- [Work order]:
Without the images, print every line of the material below exactly as given.

- [Data provided]:
--------------------------------
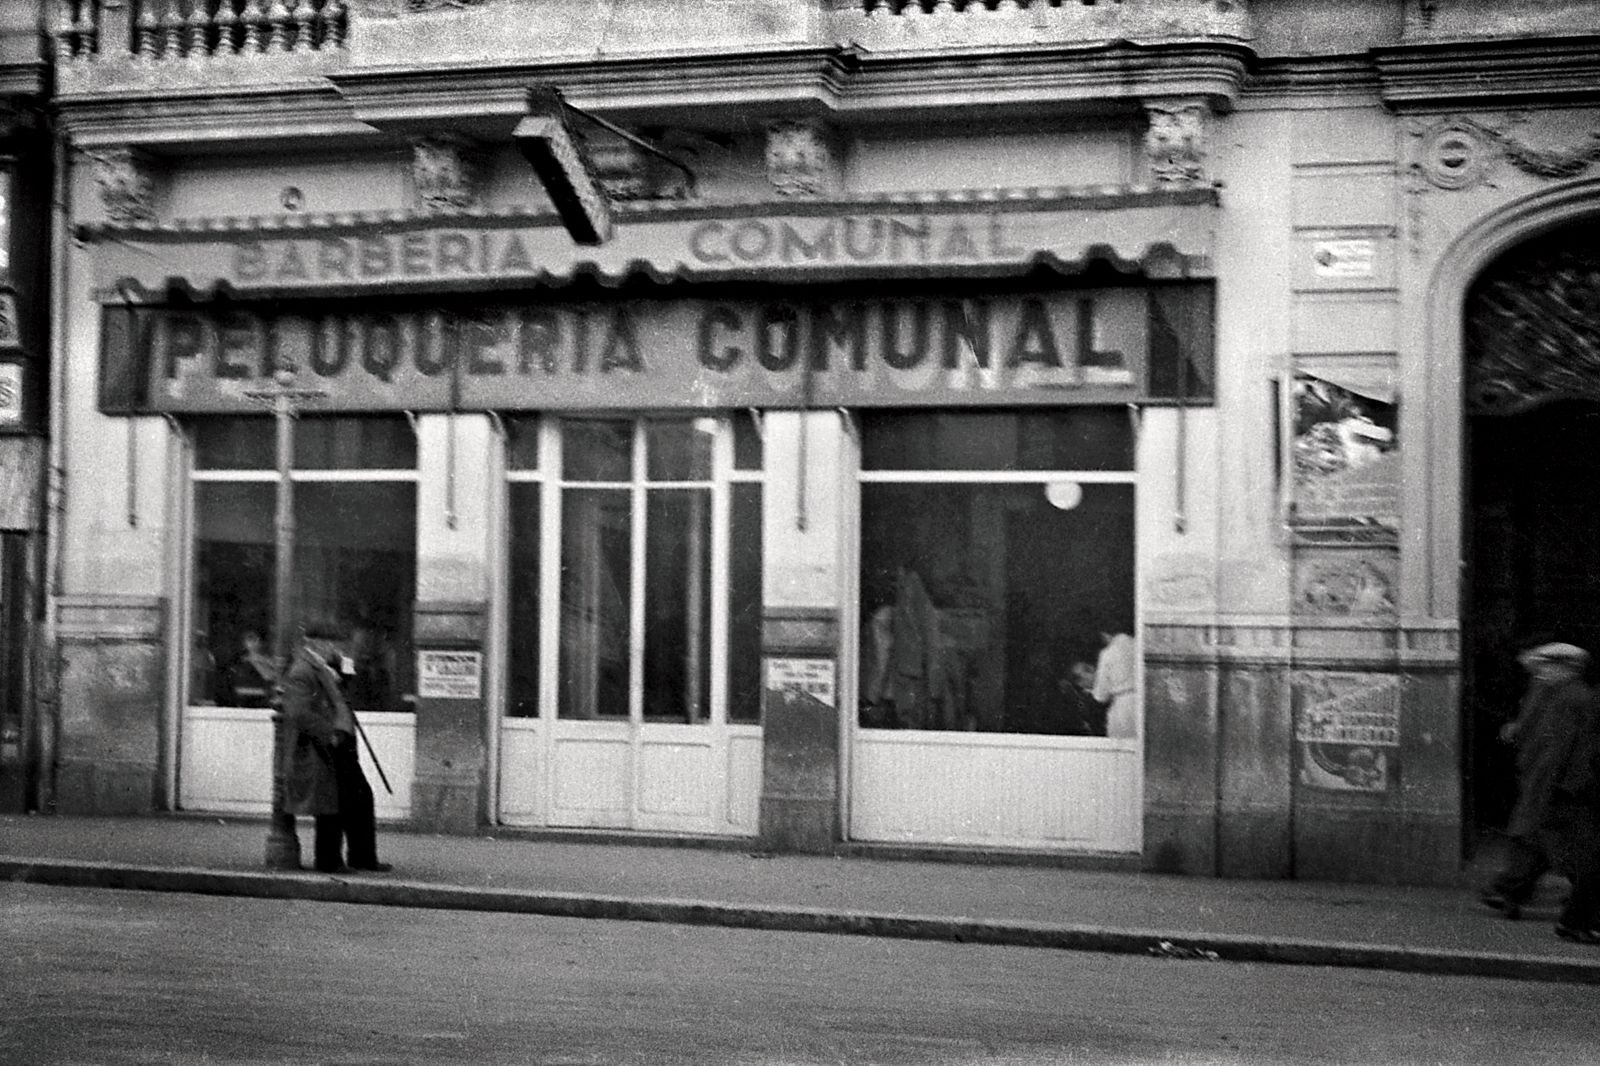 Peluqueria Comunal, en calle de La Paz. 1937. Joaquin Sánchez “Finezas”. Biblioteca Valenciana Nicolau Primitiu. Fondo Finezas.
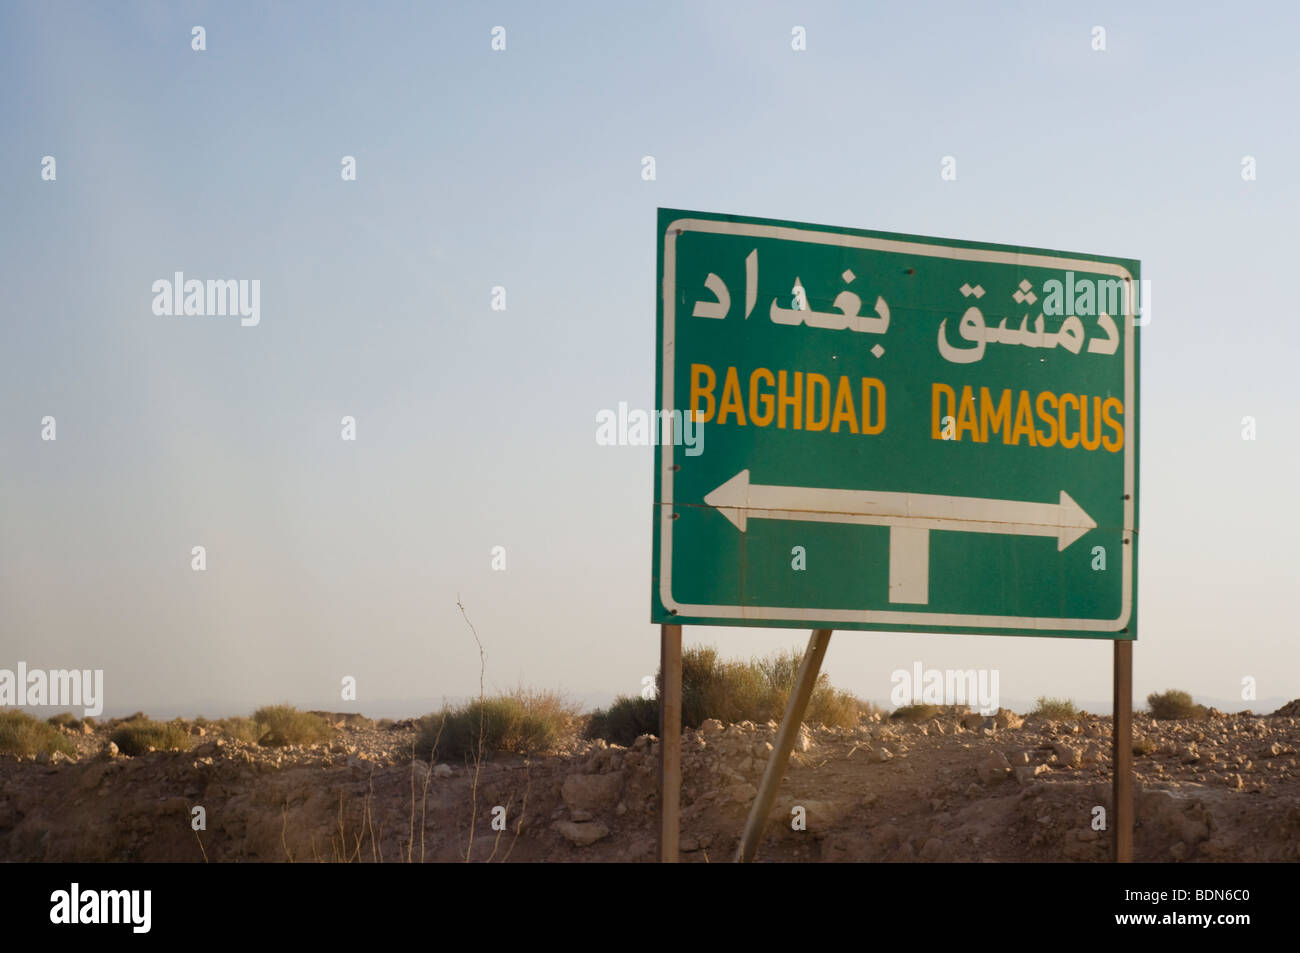 La signalisation routière le long d'une autoroute syrien montrent la voie à Bagdad, l'Iraq et la capitale syrienne de Damas. Banque D'Images
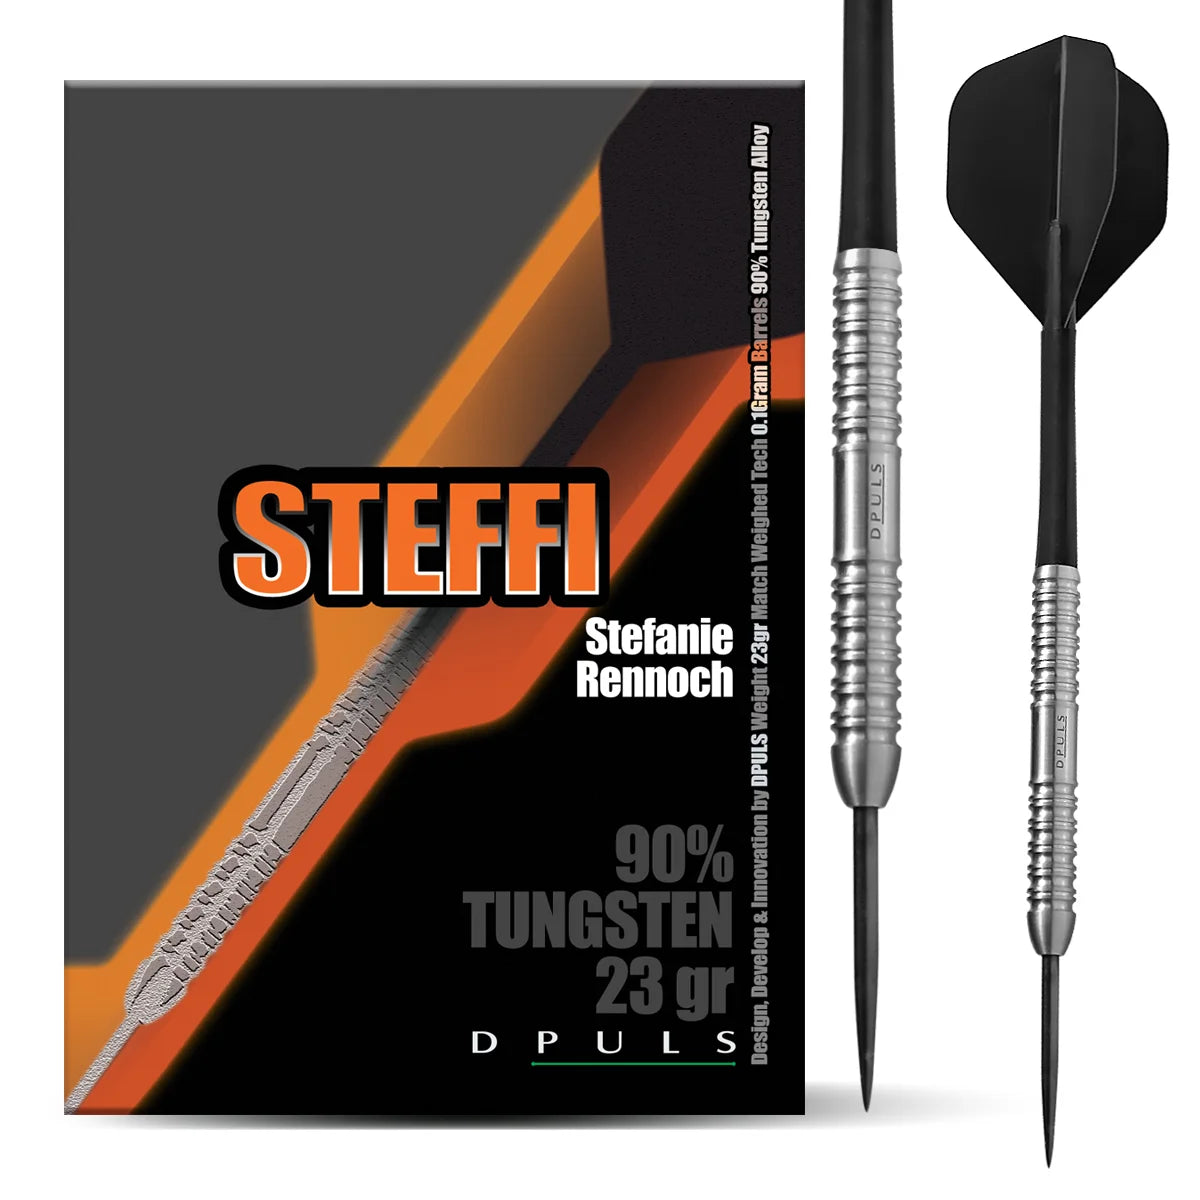 DPULS Steffi Steel Darts 23g/90%
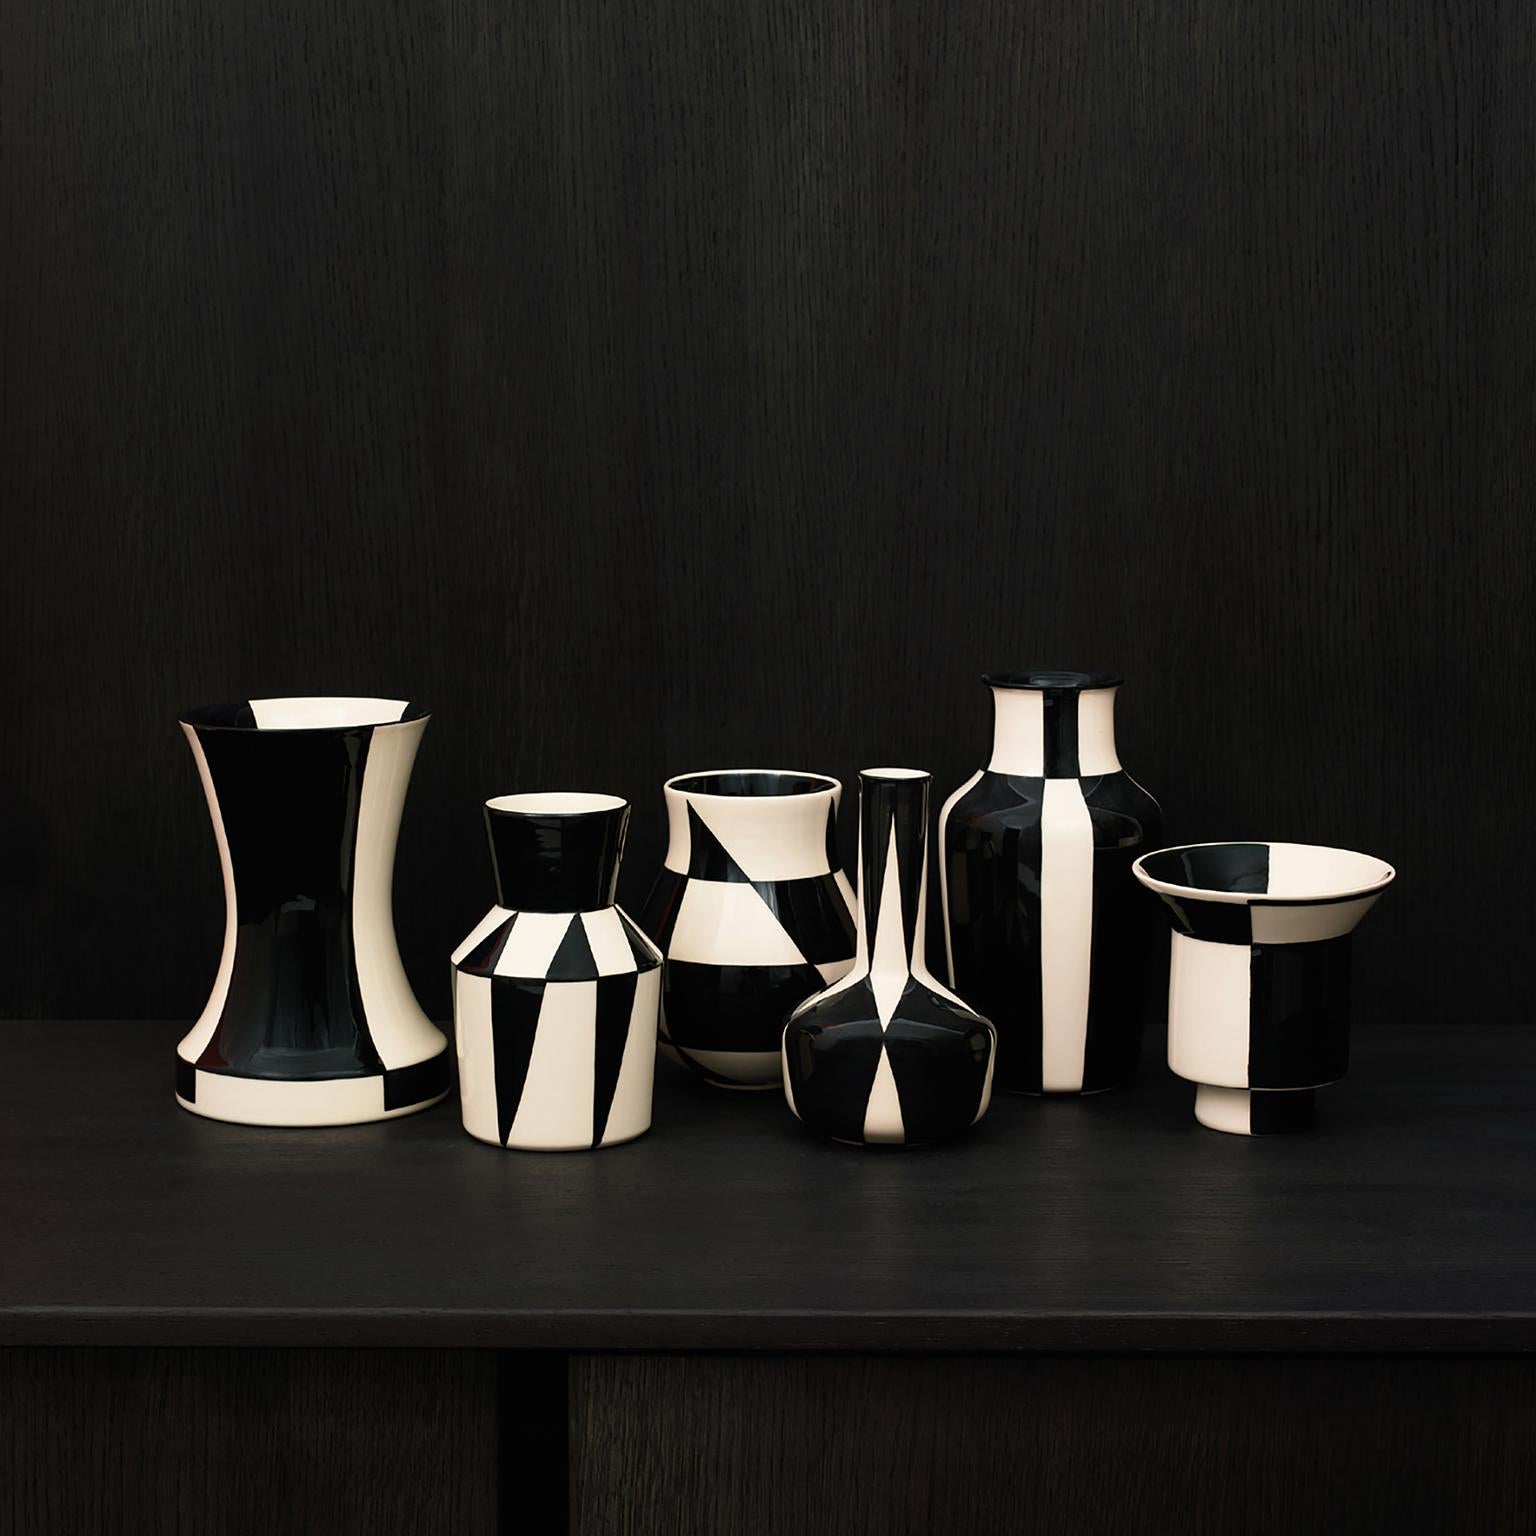 Cet ensemble de vases de 6 pièces est une édition spéciale des Hedwig Bollhagen Werkstätten für Keramik pour l'année anniversaire du Bauhaus en 2019. Hedwig Bollhagen a été fortement influencée dans ses créations par ses collègues, les anciens du
--------------------------------
- [Answer to this exercise]:
 Peluqueria Comunal, en calle de La Paz. 1937. Joaquin Sánchez “Finezas”. Biblioteca Valenciana Nicolau Primitiu. Fondo Finezas.
 La signalisation routière le long d'une autoroute syrien montrent la voie à Bagdad, l'Iraq et la capitale syrienne de Damas. Banque D'Images
 DPULS Steffi Steel Darts 23g/90%
 Cet ensemble de vases de 6 pièces est une édition spéciale des Hedwig Bollhagen Werkstätten für Keramik pour l'année anniversaire du Bauhaus en 2019. Hedwig Bollhagen a été fortement influencée dans ses créations par ses collègues, les anciens du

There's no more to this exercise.